When I worked for The Commercial Appeal in the 1980s, the bureau system was one of the strengths of the newspaper and gave it a regional presence. So I was sorry but not surprised to hear that suburban bureaus may go the way of regional bureaus as the paper circles its wagons and tries to shrink its way to prosperity.
Bureaus in towns like Tupelo, Greenville, Jackson (Tennessee), and Blytheville were like baseball's farm clubs where young reporters could get a tryout, a big coverage area, regular bylines on a customized page or two in the paper, and a lot of early deadlines in return for very little money. Some excellent reporters, including columnist Rheta Grimsley Johnson, came out of the bureaus and went on to establish national reputations. More recently, the CA has invested heavily in suburban bureaus, getting reporters out of its building at 495 Union Avenue.
I bring this up not by way of nostalgia but as one more indication that the daily newspaper as a Memphis institution is, if not on the way out, a pale imitation of what it once was.
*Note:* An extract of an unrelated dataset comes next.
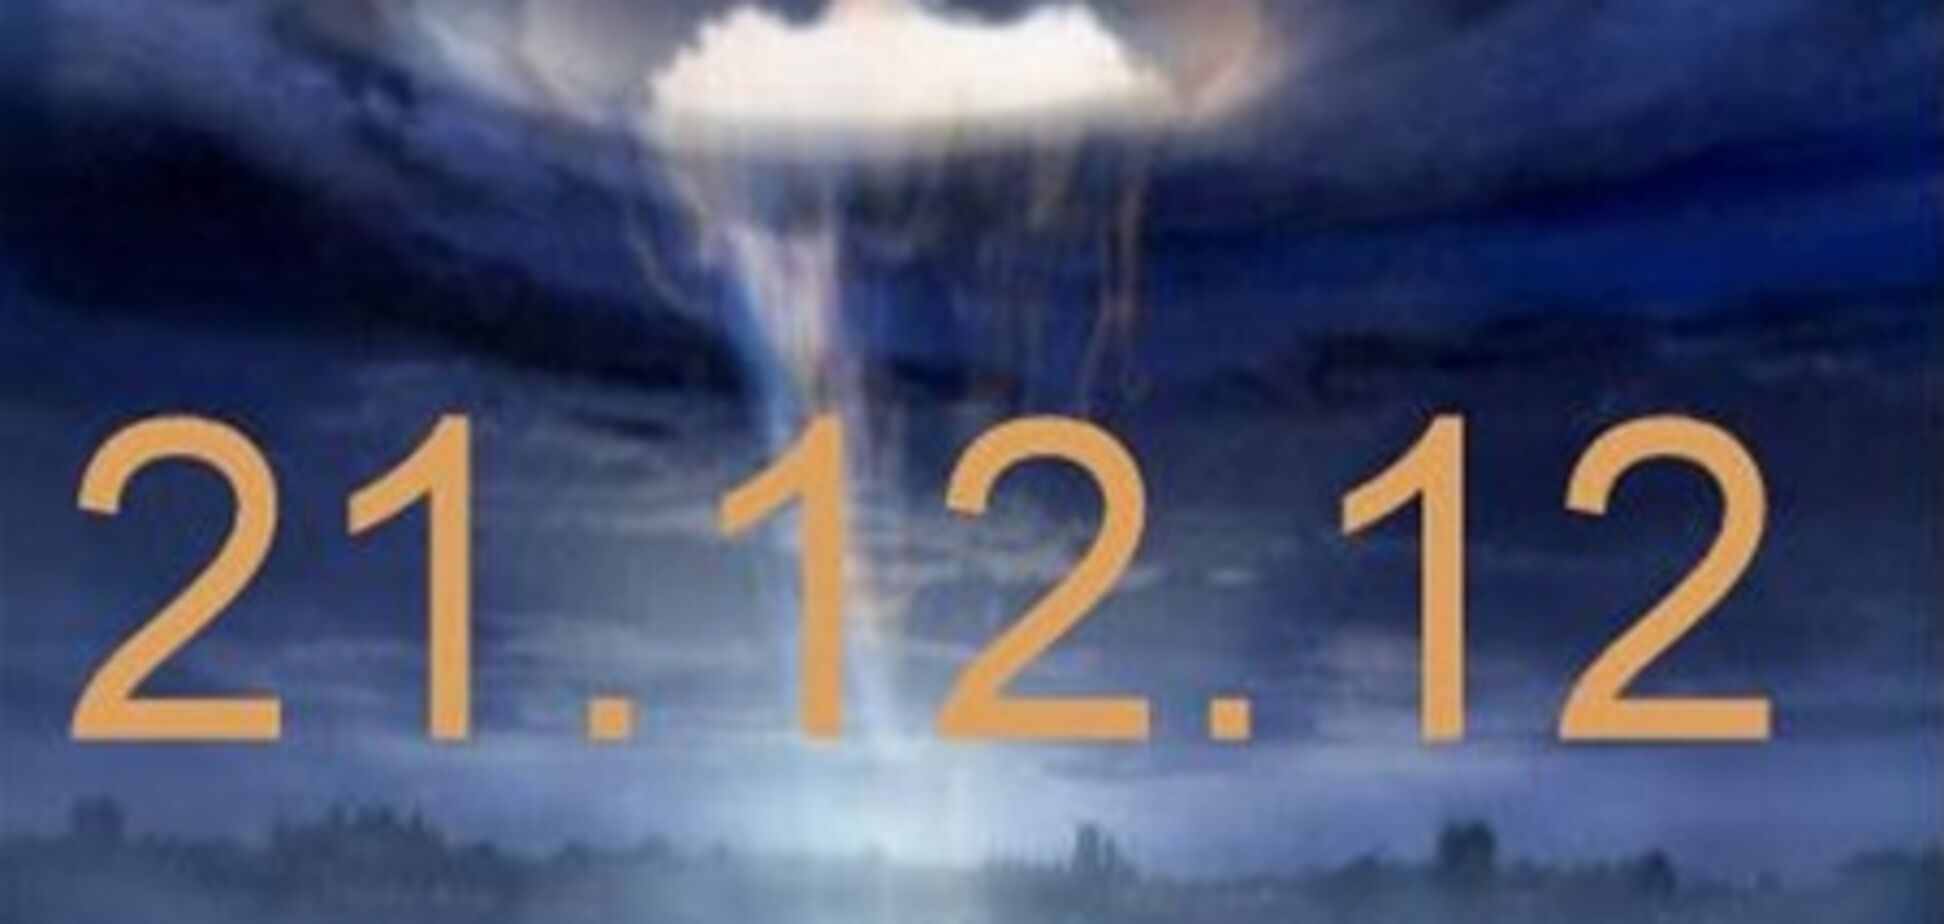 Бухгалтер пересчитал 21.12.12 – и отложил Конец Света. Видео  
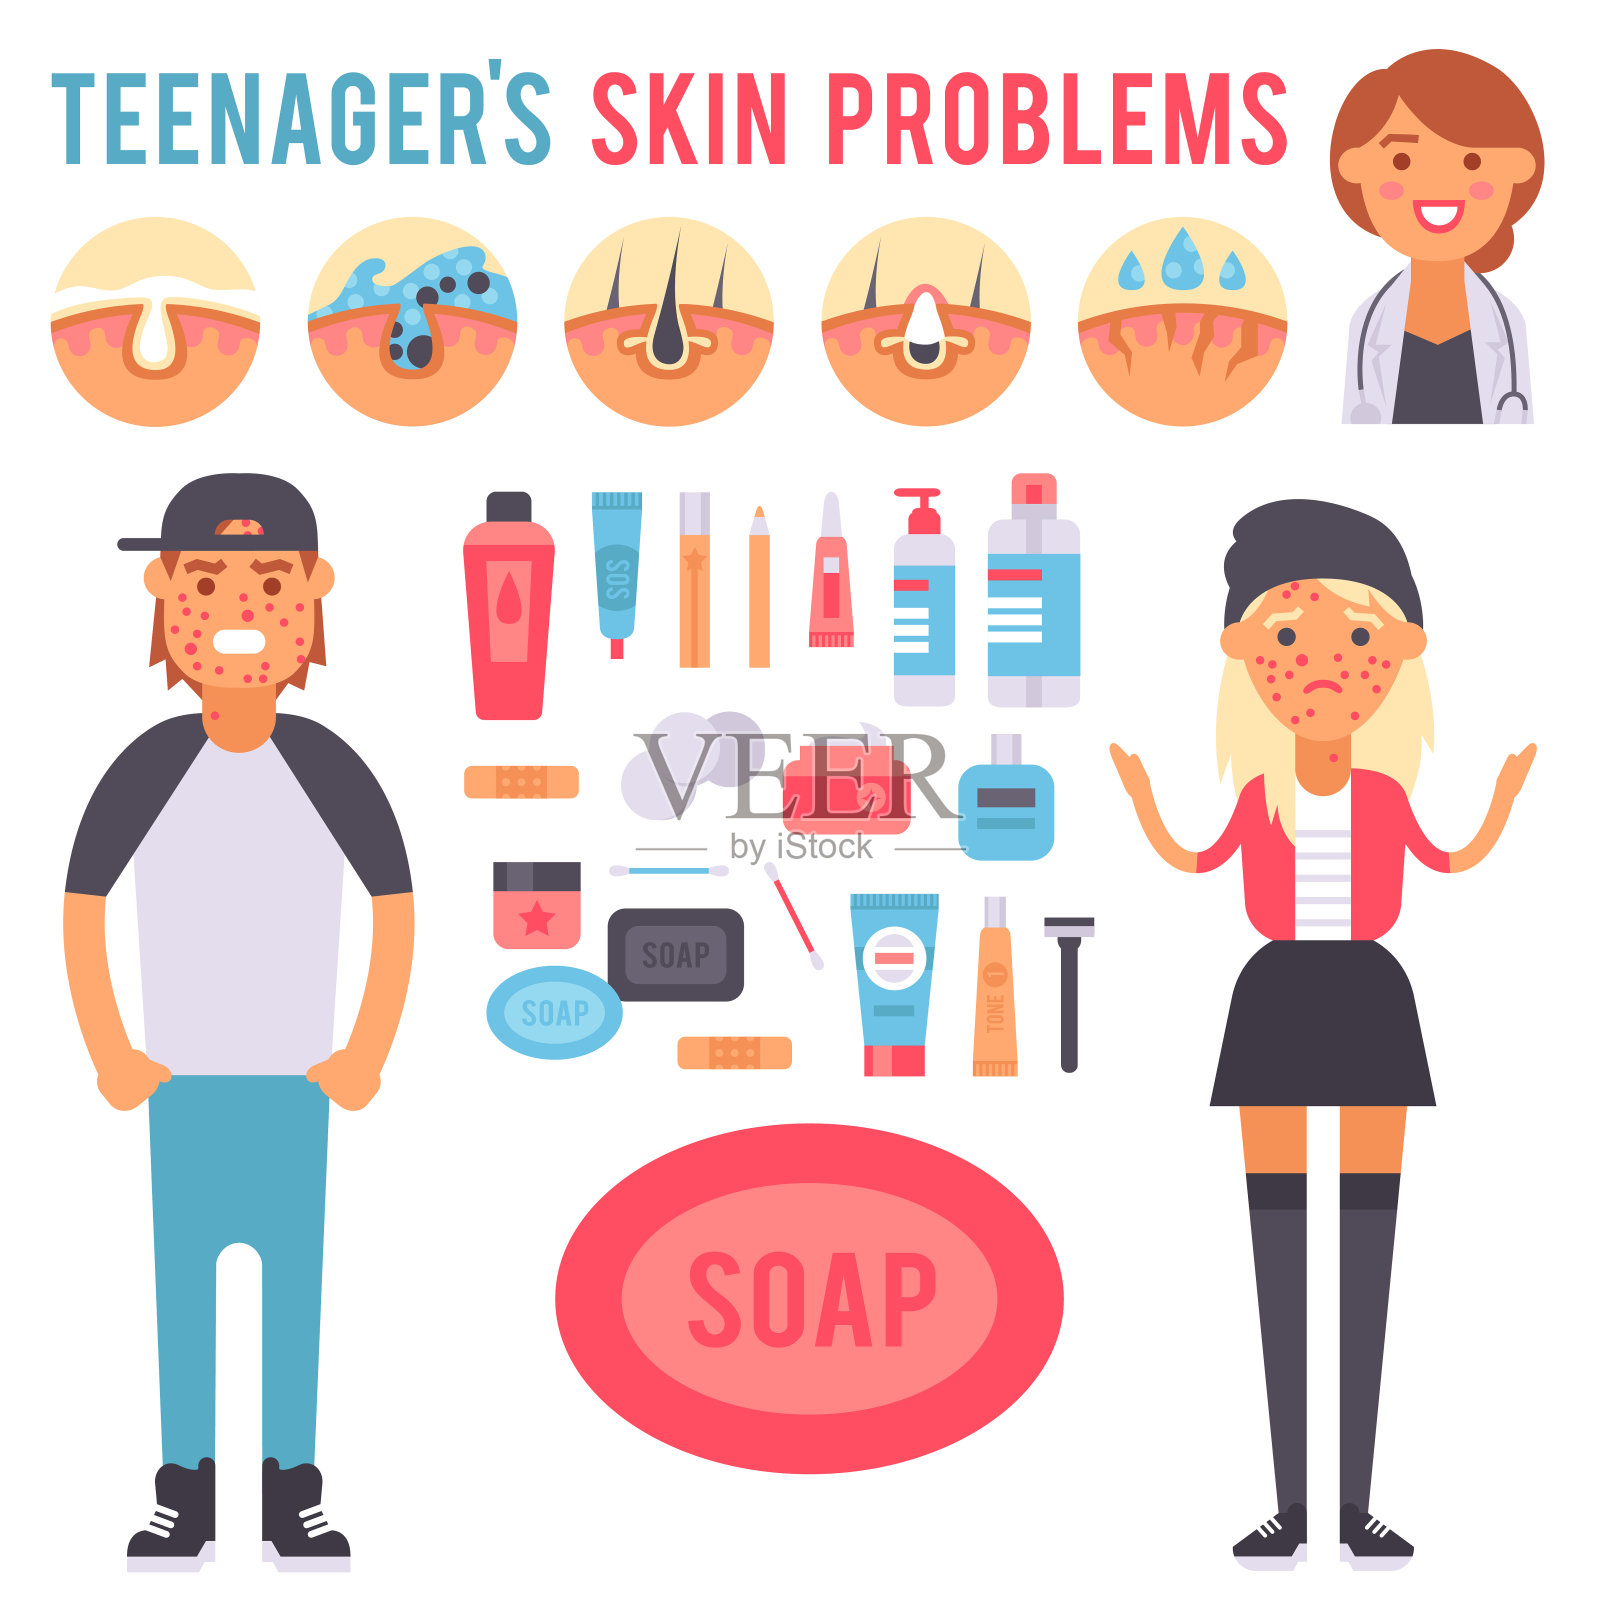 面部护理皮肤问题向量清洁人类美容青春痘皮肤病学不稳定面部瘦削护理青少年缺陷要素说明插画图片素材

The CA had bureaus in Arkansas, Mississippi, and West Tennessee because it also had readers in those areas. The geography of Greater Memphis, once a source of strength, became a liability because of printing, distribution, and staffing costs.
According to Audit Bureau of Circulation reports on March 31, 2008, the CA 's Sunday paid circulation was 190,828, while other days averaged 149,898. Shelby County accounted for 135,761 Sunday papers and 119,888 dailies. Internal documents obtained by Memphis magazine show that in November the Shelby County circulation numbers had fallen to 123,687 Sunday and 99,958 daily.
So the CA , like other dailies, laid off employees, raised subscription prices, and relied more on freelance writers and freebies to fill its pages. Just how bad are the financials? We don't know. The CA is owned by the E.W. Scripps Company, a chain that does not break out the accounting for individual properties. Editor Chris Peck declined to comment about layoffs and bureaus. But bad is a relative term: the Scripps newspaper division, and presumably the CA , which is one of its largest properties, makes money.
According to public filings, Scripps newspapers earned $58 million in profits on $431 million of operating revenue in the first nine months of 2008. Not great, but hardly a General Motors-style loss either. Daily newspapers make money so publishers keep printing them. Online ads brought in $28.7 million, only 7 percent of this year's revenue at Scripps. That could improve as sales people force advertisers to buy both the print paper and the jazzed-up online version. But the print-Internet debate obscures another issue.
It makes no sense for a daily paper in Memphis to be owned by a company in Cincinnati that closed its hometown paper last year. There are no Memphians among the major stockholders. The big brainstorm of 2008 — splitting the newspaper division from the broadcast division in July — has been a flop. In four months, the post-split stock price has fallen steadily from $11 to $3.75, defeating the stated objective to "provide the company with a cushion against trading of the shares below $5 a share."
A newspaper cannot serve both readers and corporate masters and shareholders who demand dividends and rising share prices. So what's next?
"I can see a day within five or ten years where dailies become once a week — a weekend print wrap-up of news you followed on the Internet already," says Susan Adler Thorp, a Memphis print journalist for 30 years who now does media relations. "In some form the CA will survive. Memphians have always had a love-hate relationship with their newspaper, and that in itself will help."
David Arant, chairman of the journalism department at the University of Memphis, thinks print subscribers may have to pay more but "as long as there is a market they will keep cranking out papers and providing home delivery."
Arant's big concern is that there won't be enough revenue from whatever sources to pay for the reporting a democracy needs.
"I don't want to have to rely on citizen journalists who have a point of view," he says. We're still looking to the future, trying to grow new journalists, but you've got to have some jobs out there."